A prescanning form was developed by the project director for each category in the CEDC for entering basic descriptive and administrative metadata for each item. This metadata was then entered into a MS Access database upon scanning. Technical metadata was embedded in the TIFF header during digitization. Batched forms were transferred to the catalogers after the access and thumbnail jpeg's had been saved to the server.

Quality Control

Prior to the start of scanning the photographs, a rigorous benchmarking process was instituted to ensure that adequate detail was captured in the digital master files saved to CD-ROM in TIFF format. As a result of the benchmarking process, all photographic material with a size less than 8x10 inches (560 items) were scanned at 600 ppi with a bit depth set to 8 per color channel. Photographs 8x10 inches or larger were scanned at 400 ppi with a bit depth set to 8 per color channel (721 items). If the larger photographs were scanned at 600 ppi, the scanning time would have been more than 10 minutes for 17x21 inch photographs generating master files as large as 160 MB. This was deemed unacceptable. This would not have been the case if the originals were being scanned in 8-bit grayscale.
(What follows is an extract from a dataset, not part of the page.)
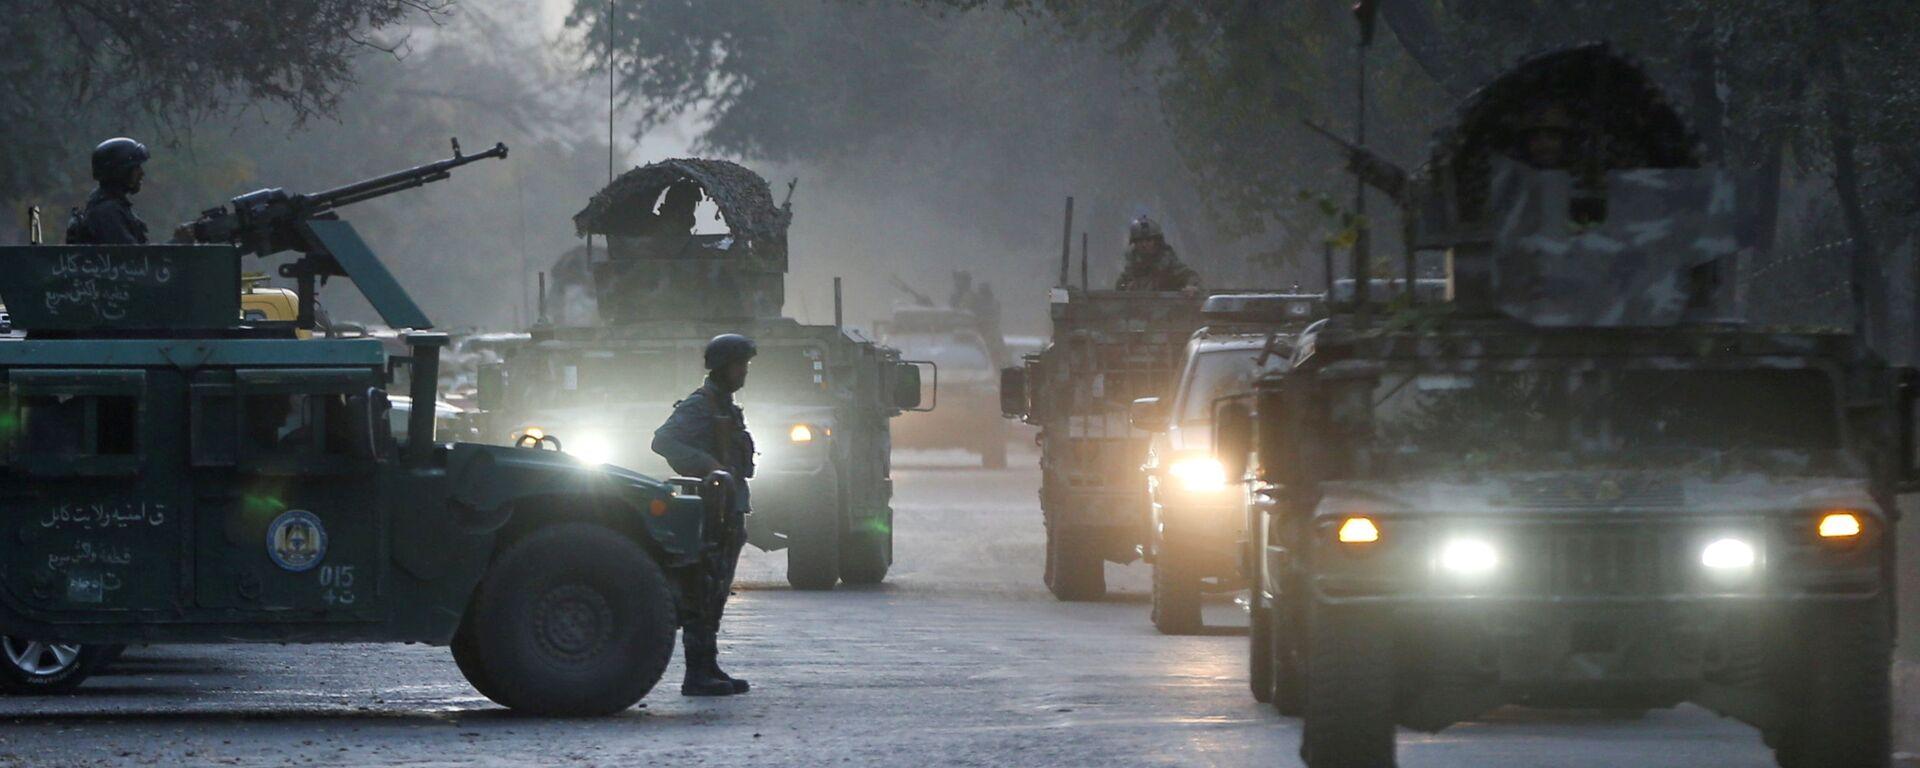 Афганские силовики на месте происшествия после вооруженного нападения на университет в Кабуле, Афганистан - Sputnik Таджикистан, 1920, 03.07.2021

However the decision was made early in the project to create digital files that most closely capture the current sepia tonal range of the photographs based on current as well as projected uses of the collection.

The digital files for web viewing were created from the master TIFF in Adobe PhotoShop at 72-dpi 24-bit color and saved as jpeg files using high compression. The reference jpeg files are scaled to 7.5 inches along the longest dimension. The thumbnail files are scaled to 2 inches along the longest dimension. A curve was applied in PhotoShop to slightly darken the images for viewing purposes, adding contrast and increasing the blue channel.

To maintain quality assurance during digitization, each scanner was calibrated twice a month and each monitor, twice a day. Quality control for the first thirty scans consisted of checking each master TIFF displayed on one of the monitors in the digitization lab against the original photograph. After the first thirty scans, every 10th scan was checked against the original. All scanned files were opened to ensure full functionality. The reference jpegs and thumbnails were spot checked on various workstations and opened in different browsers and evaluated for appearance.